Please return the listing exactly as written, but without its pictures.
[DATA PROVIDED — start]
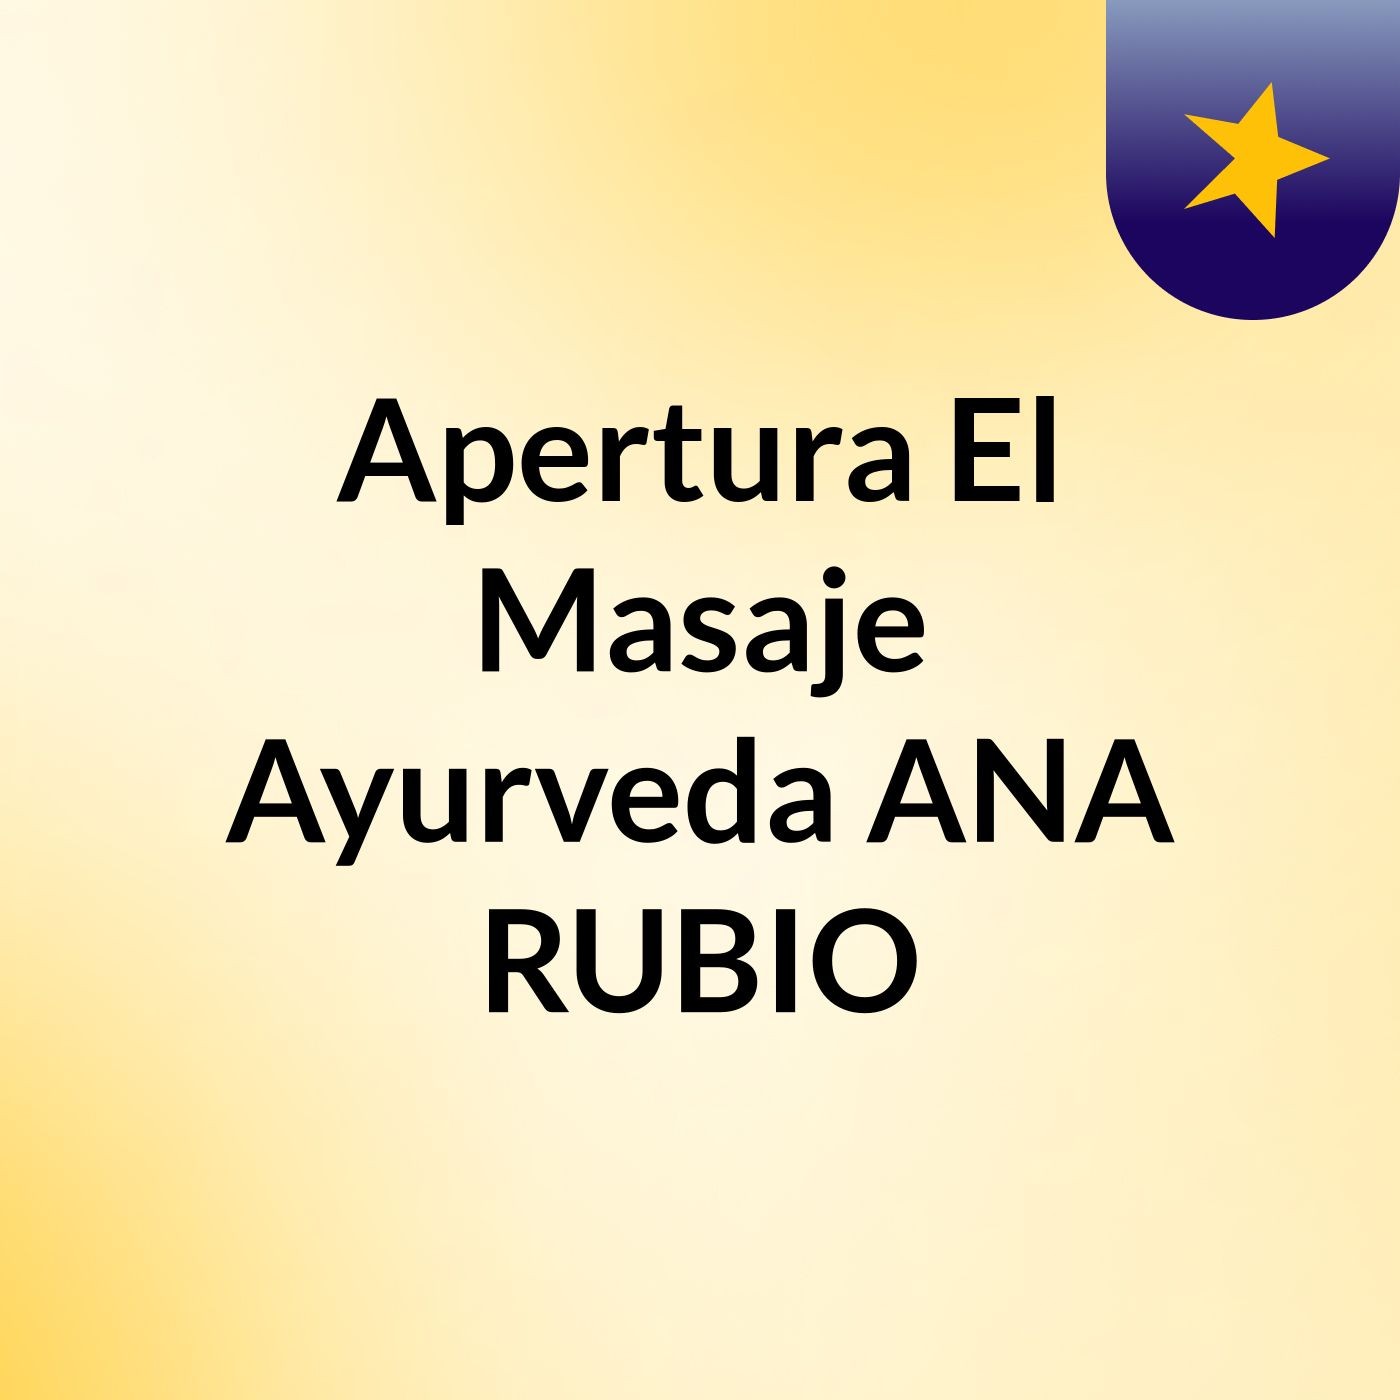 Episodio 2 - Apertura El Masaje Ayurveda ANA RUBIO
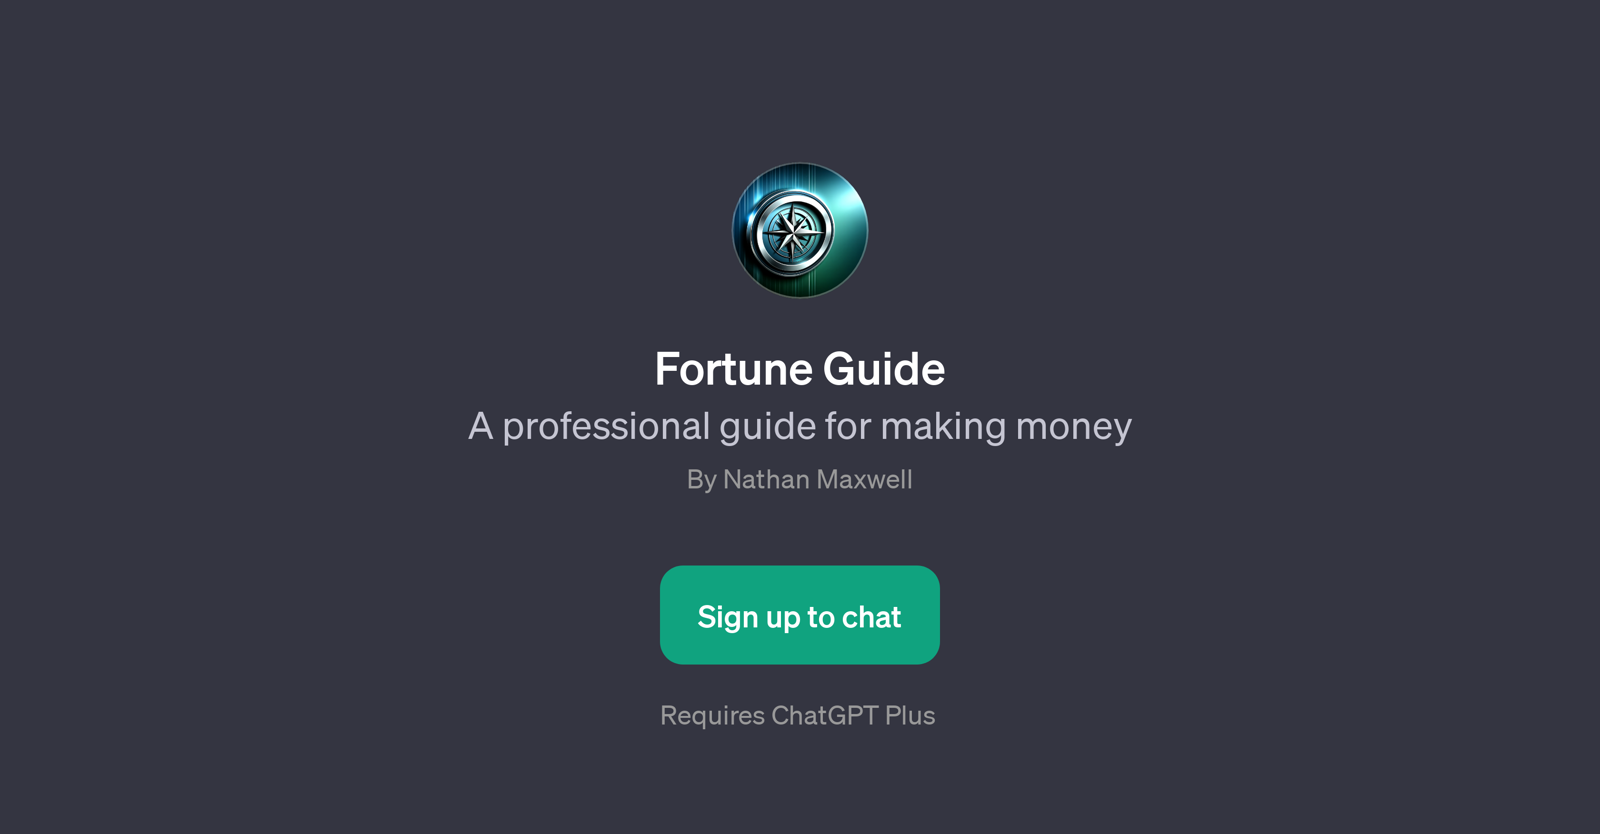 Fortune Guide website
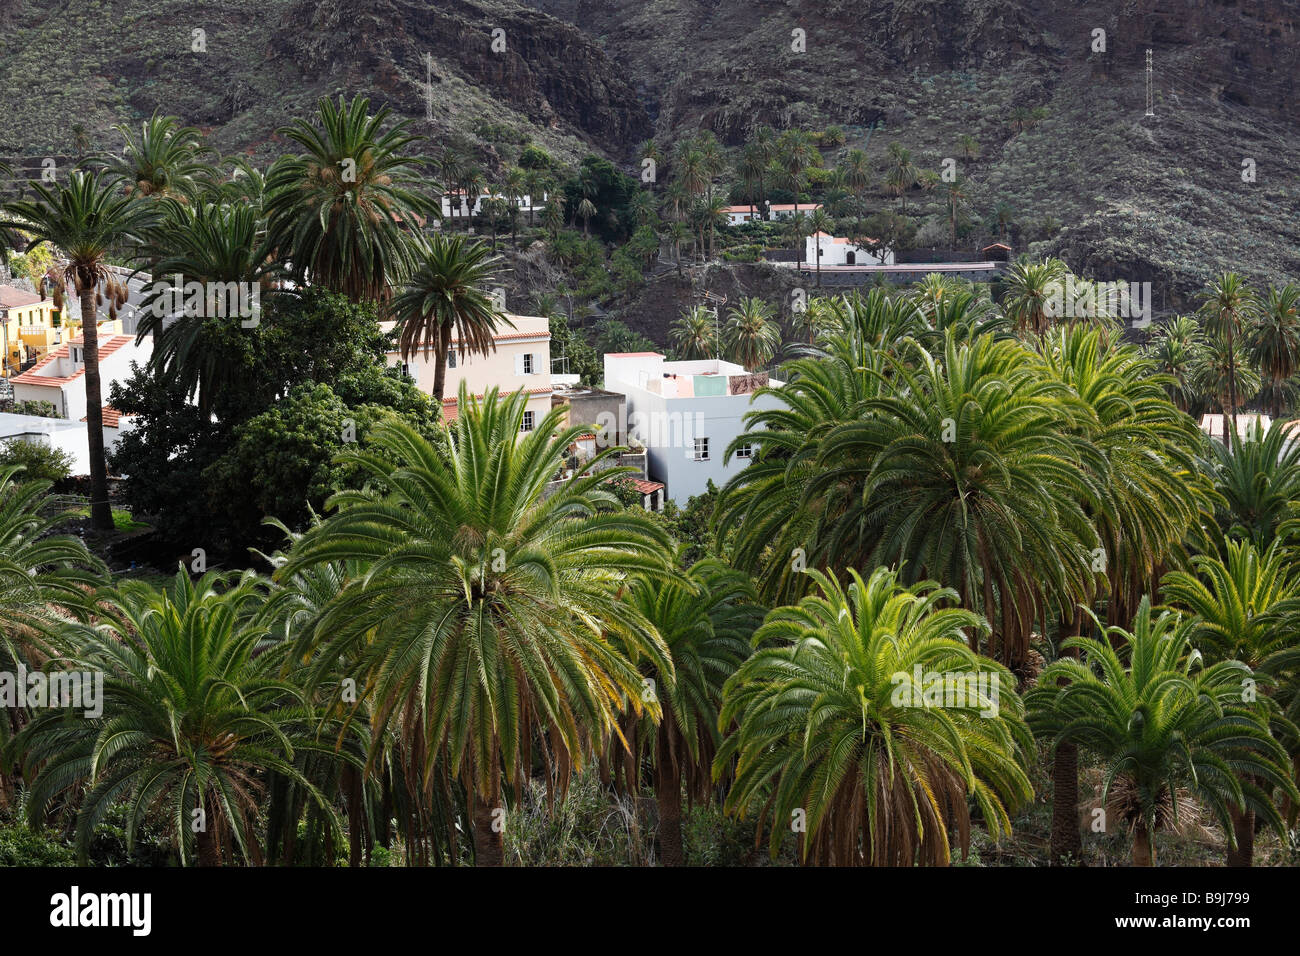 Canary Island Date Palms (Phoenix canariensis), El Guro, Valle Gran Rey, La Gomera, Canary Islands, Spain, Europe Stock Photo
[DATA PROVIDED — finish]
→ REPLY
 Episodio 2 - Apertura El Masaje Ayurveda ANA RUBIO
 Fortune Guide website
 Canary Island Date Palms (Phoenix canariensis), El Guro, Valle Gran Rey, La Gomera, Canary Islands, Spain, Europe Stock Photo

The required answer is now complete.